If we compare the previous 12-month period, 2/1/2008 – 1/31/2009, to its equivalent year-over-year period, 2/1/2007 – 1/31/2008, we can start to see that supply and demand are moving in the same direction. Finally, inventory and new listings are declining with sales. Inventory and new listings declined 4% and 7%, respectively, while demand or the number of properties sold declined 17% (Chart E). However, when we compare our most recent inventory data from 2/1/2009 to 2/1/2008, supply is even more in line with demand. When comparing this most recent data, inventory fell from 299 properties to 243 properties, nearly a 19% decline: the result of a precipitous drop in supply over the last quarter.
Also, on a per-subpopulation basis, the Solana Beach/Encinitas market seems to have fared well considering being under one of the most challenging environments in decades. For this analysis, we segmented Solana Beach luxury real estate and Encinitas luxury real estate into 3 groups by original listing price: 1) Properties less than $750,000; 2) Properties greater than or equal to $750,000 and less than $1.3 million; and 3) Properties greater than or equal to $1.3 million.
The strongest of the price tiers was the bottom tier or properties with an original listing price less than $750,000. Not only did it have the smallest median year-over-year price decline of only 2%, but also its marketing time fell by 26%. Interestingly, there was no real year-over-year change in inventory or the number of properties sold, seemingly hinting at some semblance of stability.
The second strongest price tier was the next level up or the middle tier, properties with an original listing price greater than or equal to $750,000 and less than $1.3 million. This group experienced only a 1% greater decline in median price than the lower tier, but did experience the largest changes in supply and demand of all three tiers. Based upon the nominal median price decline, this supply/demand change was most likely a reversion to a norm. Both inventory and the number of properties sold declined, but so did marketing times. Given only a 3% year-over-year median price decline and fewer sales, it is hard to construe the shorter marketing times as the result of anxious sellers.
Lastly, the weakest group was the upper tier, properties with an original listing price greater than or equal to $1.3 million. It was weakest only by virtue of it having had the largest decline in median price of 5%. However, over the last quarter it has managed to reduce its inventory by nearly 20%, taking a lot of its supply off the market to offset the reduction in demand. This alone will create price support that was not fully represented within the year-over-year comparison. This is more of a leading indicator of price stability, than an explanation of past performance. Going forward, all else being equal, the Solana Beach real estate and Encinitas real estate market is looking brighter than it once did a couple of quarters ago.

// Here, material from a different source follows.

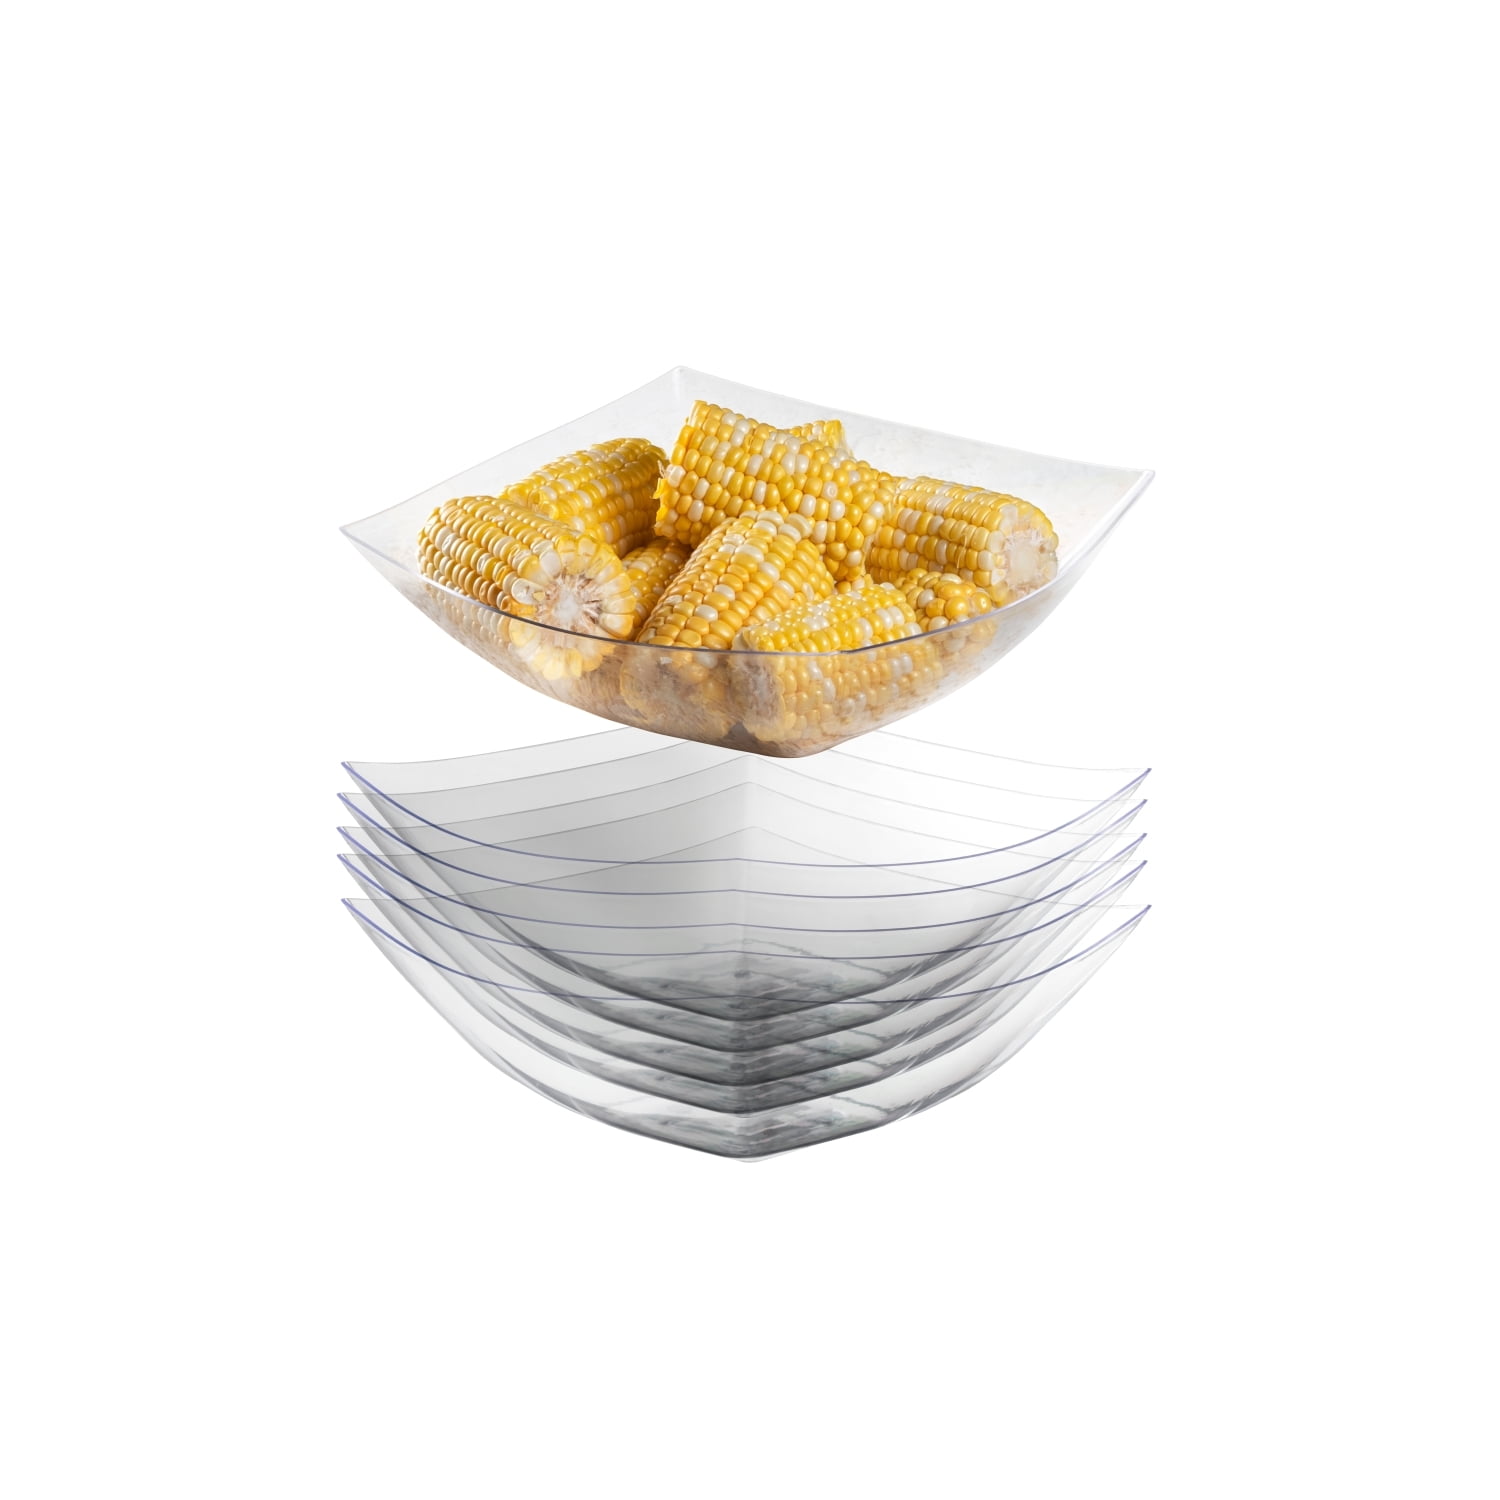 Clear Plastic Square Serving Bowl - 3 Pack - Lids (128 oz. Bowl) 1 Count - Luxury Disposable Tableware for Wedding's - Posh Setting
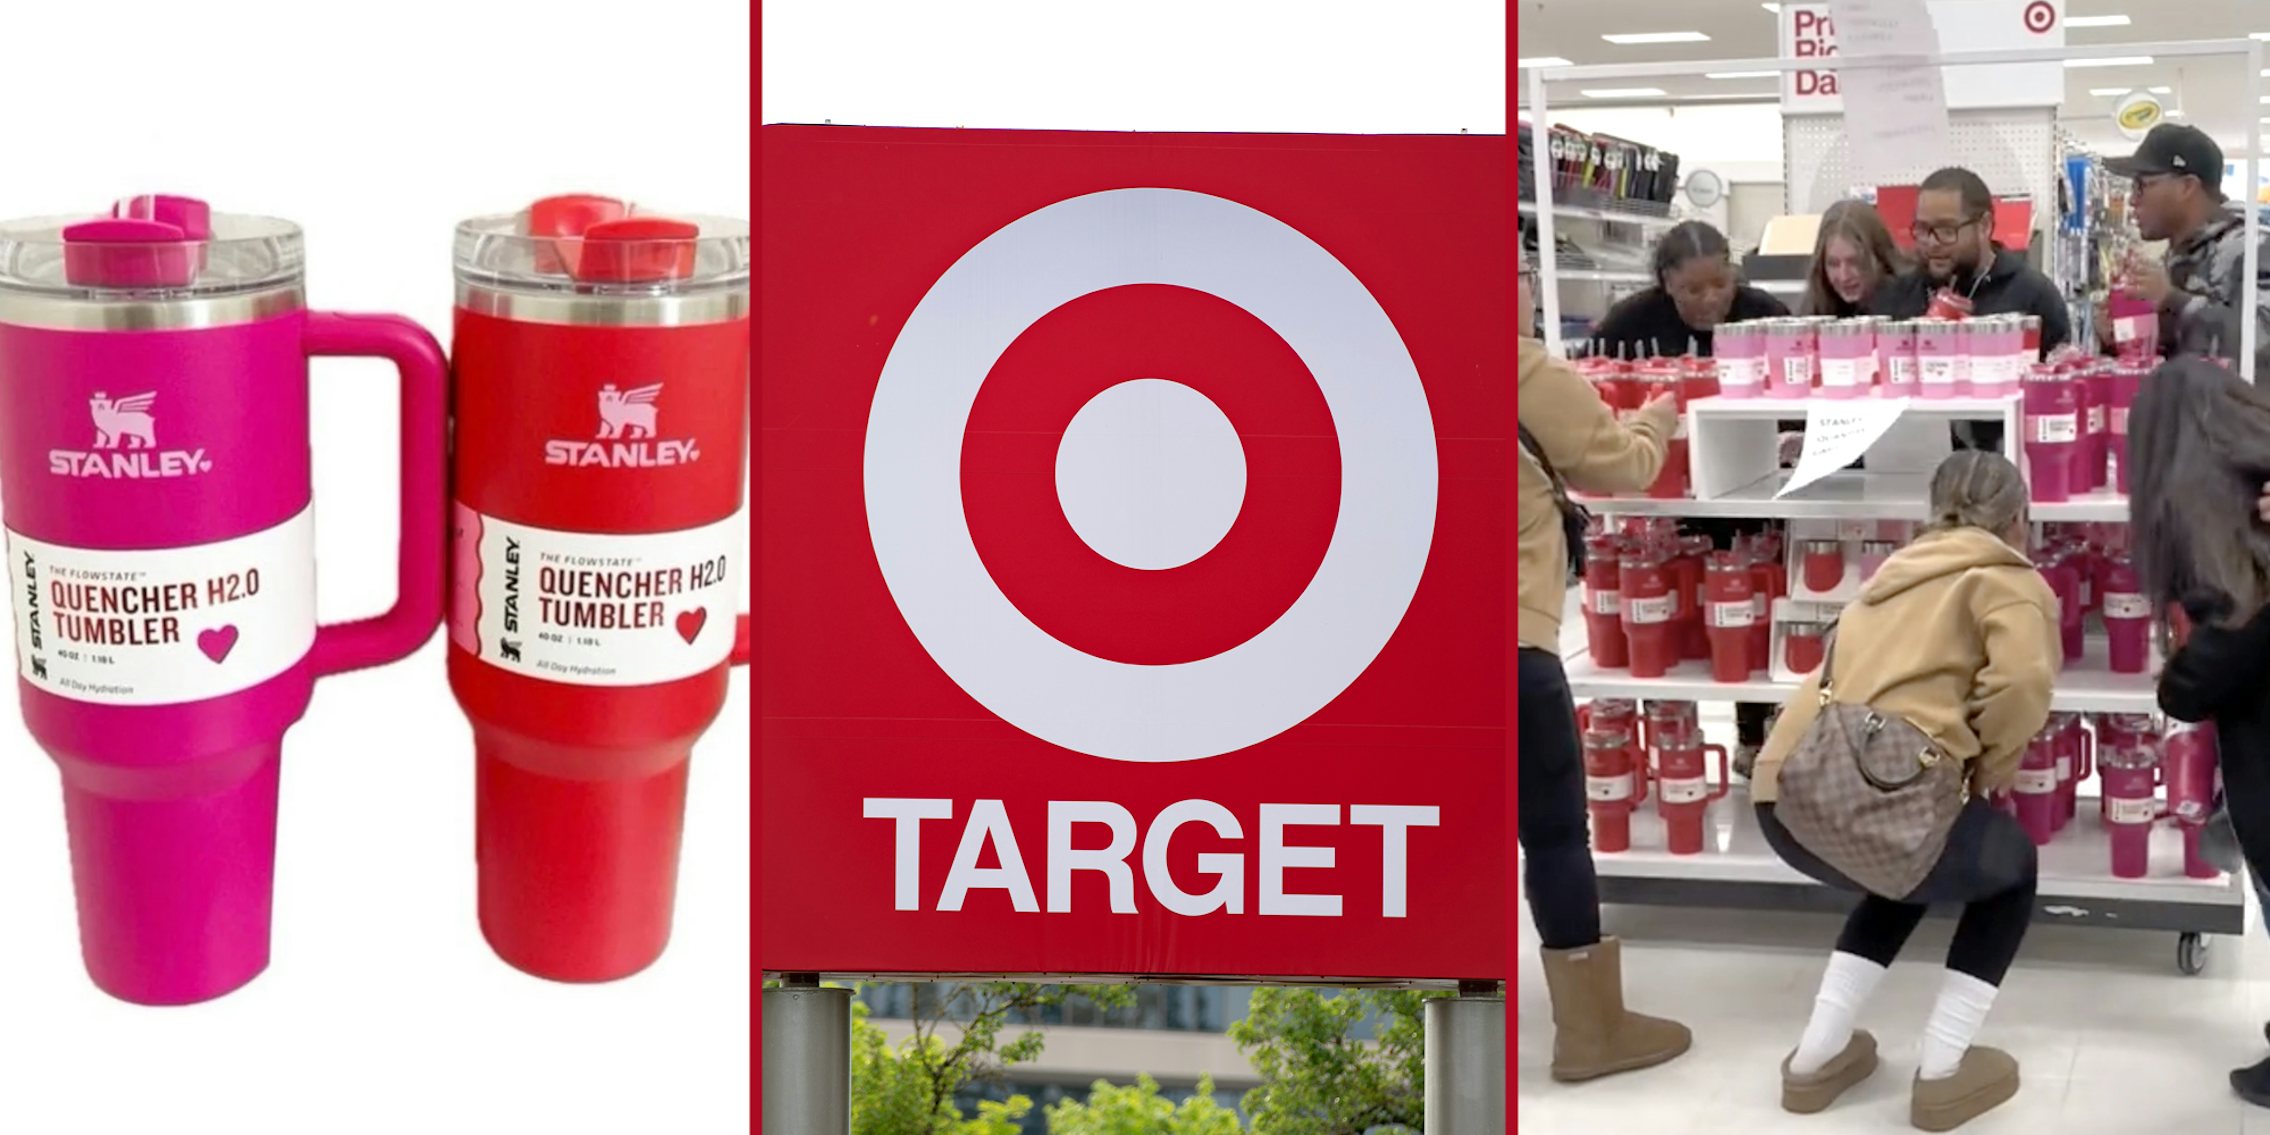 Target Customers Rush To Get New Valentine's Day Stanley Cup

When reviewing the data that we put together for La Jolla luxury real estate, Solana Beach luxury real estate, and Encinitas luxury real estate, it is important to remember that these areas are comprised of sub-populations, some behaving much differently than others. For example, properties that are on the beach can behave differently than other areas. Likewise, detached properties can behave differently than attached properties. What we have presented here is a partial sub-population analysis. A complete analysis would identify the subpopulation of a property then assess that particular subpopulation’s behavior. In next month’s edition, we’ll examine Coronado luxury real estate and Downtown San Diego luxury real estate.